I’d never get to ask her.

I downed what was left of my alcohol and stumbled toward her, the journey taking longer than it should have as my feet refused to listen to my brain, but eventually, I made it to the bed and sat next to her. She shifted slightly, hand moving beneath the pillow, but she didn’t wake.

“I’m sorry, Maddie.” I didn’t expect the words to come out so hoarse. I cleared my throat and dropped the glass to the floor; it thudded and rolled a few inches before slowing to a stop. “There was so much more I wanted to do for you. More I wanted to do for myself. But now …” I extended one finger and touched that scar gently; it was softer than the rest of her skin. “You just do the best you can.” A chuckle escaped me. “That’s silly. Of course you will. You always do.” My hand back in my lap, I sighed heavily. “Not me.”

Bending over made my head spin, but I did it anyway, wanting to be close enough to kiss her one last time. But I froze inches from her cheek, remembering how much she’d hated me first for violating her, then for keeping her from her family. I exhaled heavily and sat back up. I wouldn’t get a last wish. It was the least I could do to respect hers.

I fell against the bed several times as I walked around it to the bathroom, then shut the door behind me as quietly as I could. Only once the lock was turned did I flip on the light and pull from my pocket the sedatives that I used when I couldn’t sleep from the pain of dislocated ribs, a smarting black eye, emergency surgery to set a broken finger or toe when I fucked up at work and Conrad disciplined me at home. Joshua gave one to Madeline the night her parents were here, but I had just filled the prescription. There were plenty left.

I remembered my empty glass on the floor of the bedroom and thought about going to retrieve it, but I didn’t want to walk anymore. Looking around, I realized I was on the floor, back against the tub, laughing at my predicament. How did I get down here?

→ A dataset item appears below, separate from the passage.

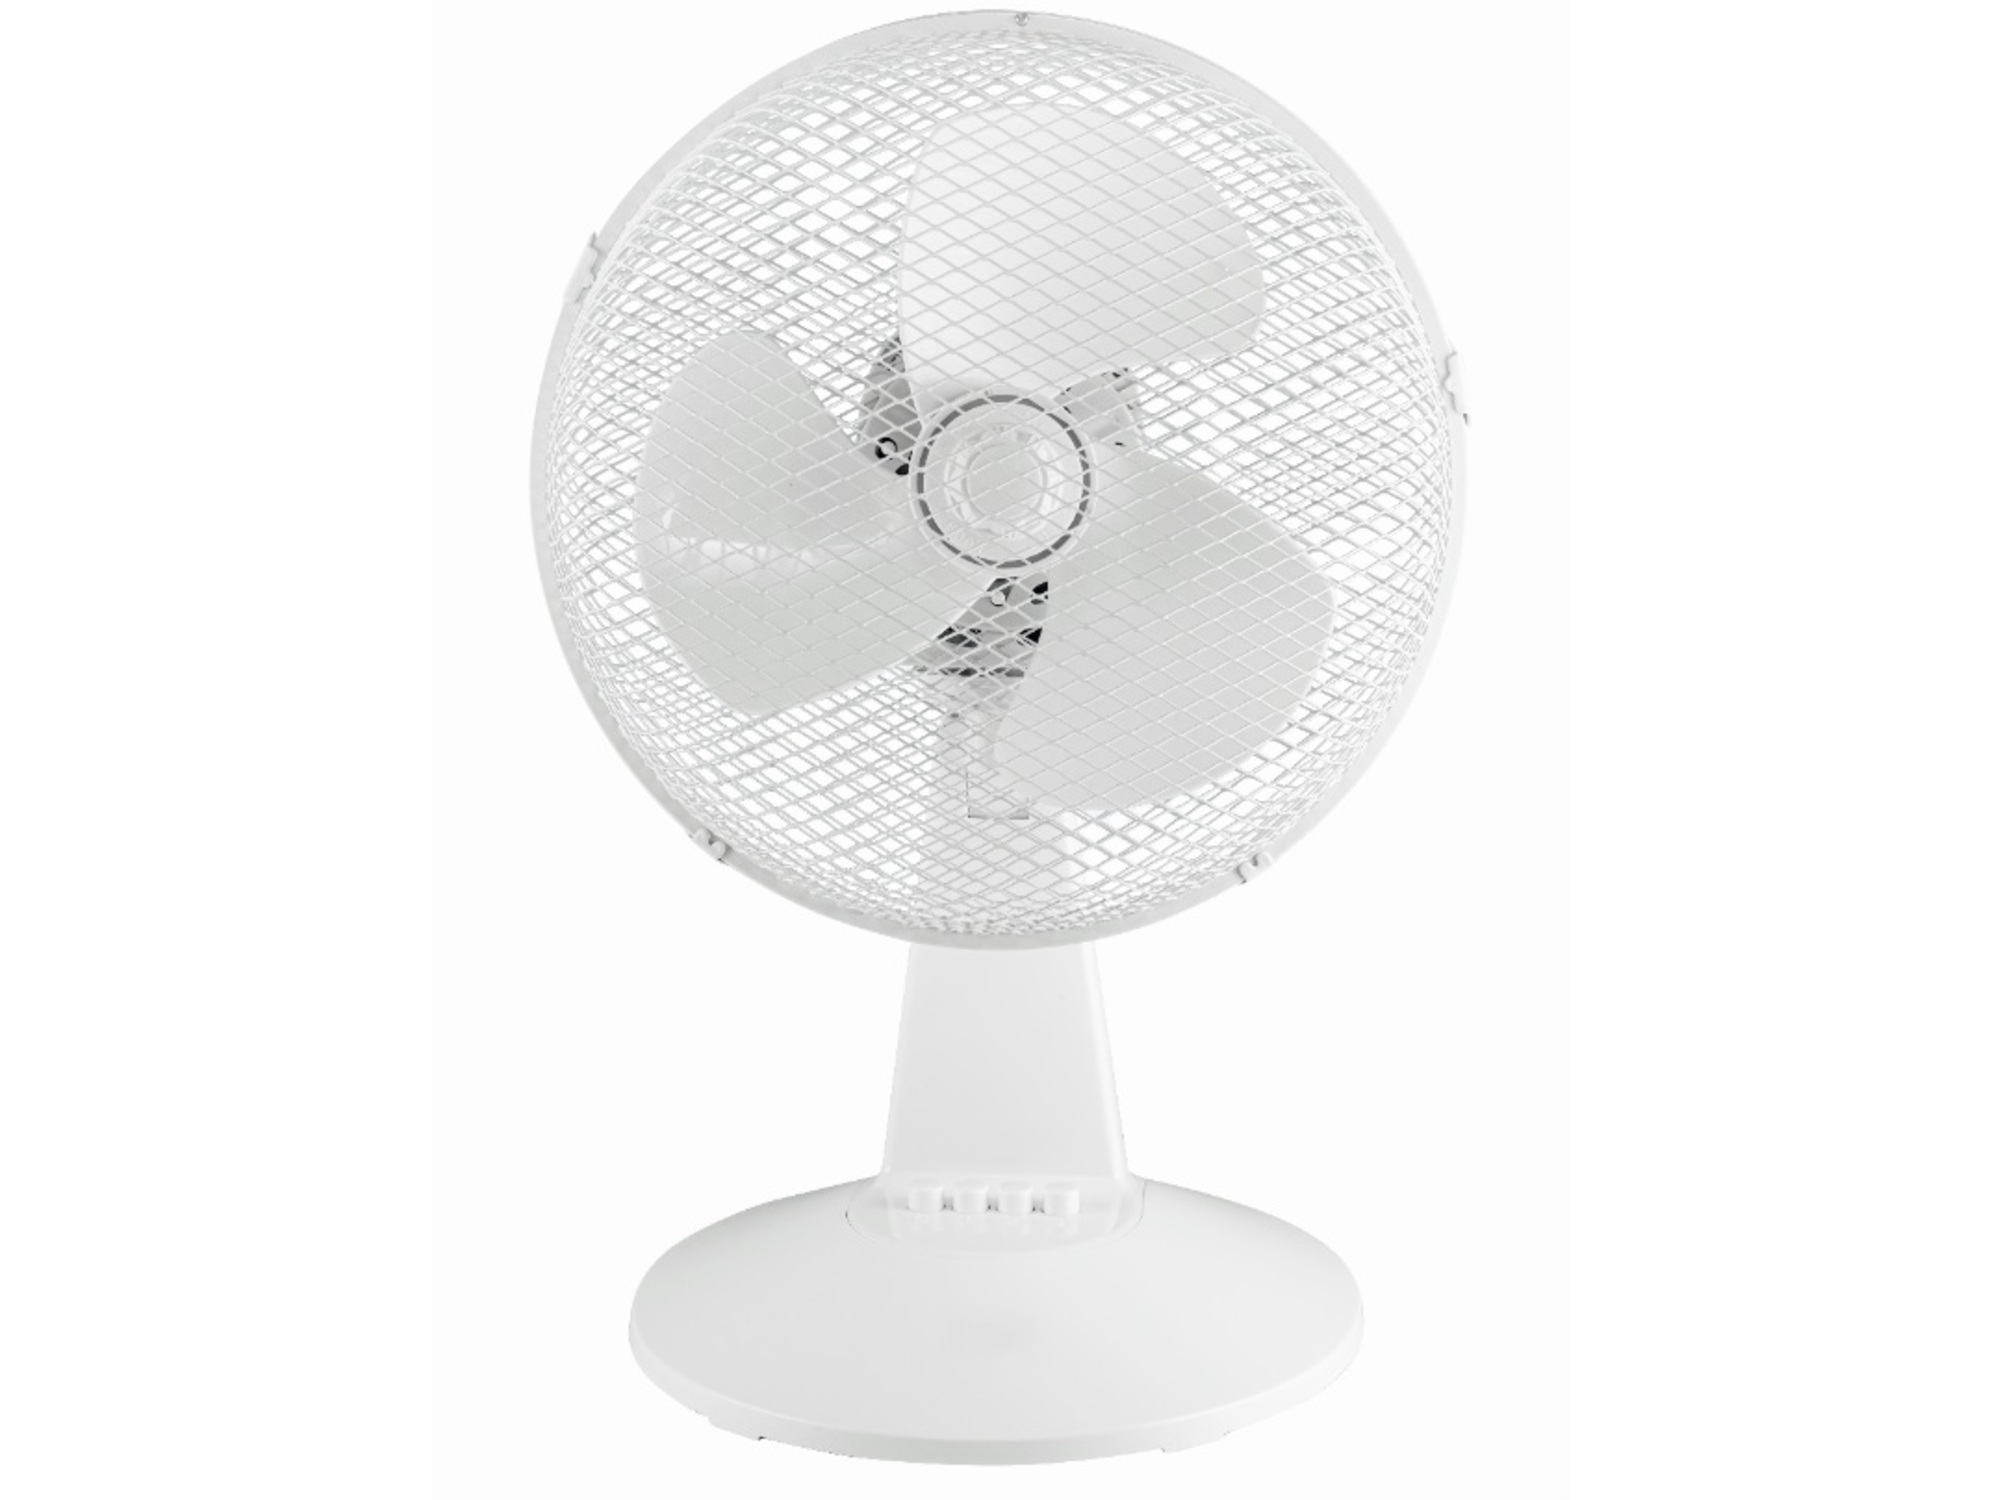 Midea Stoni ventilator 30cm FT30-21M

Pulling myself to my feet had the unintended consequence of spilling the pills all over the floor. Falling to my knees, I picked them up one by one and placed them in my palm. I kept a tight grip on them as I crawled to my feet and turned on the faucet. How many of these could I take at once? I squinted at the pills, which seemed to have doubled. That was fine.

Three in my mouth, a drink of water. Then three more. Then three more.

These worked fast; that was the point of them. And I was drunk enough that they seemed to double in strength, and then I was falling, the remainder of the pills clattering into the basin while I collapsed to my knees and knocked my teeth against the edge of the counter.

I tasted blood on my tongue, and my head hurt so much, but I was finally falling asleep for the last time, and there would be no more pain for me over there. Wherever that was. No chance of anyone finding me and fucking it up for me again. Maddie was asleep, and Joshua wouldn’t bother us. Not after last time.

The word faded at the edges until it was suddenly black, and I was left with nothing but the unsettling awareness of my own pulse, slowing beat by beat, and the smell of Madeline’s shampoo before I felt nothing at all.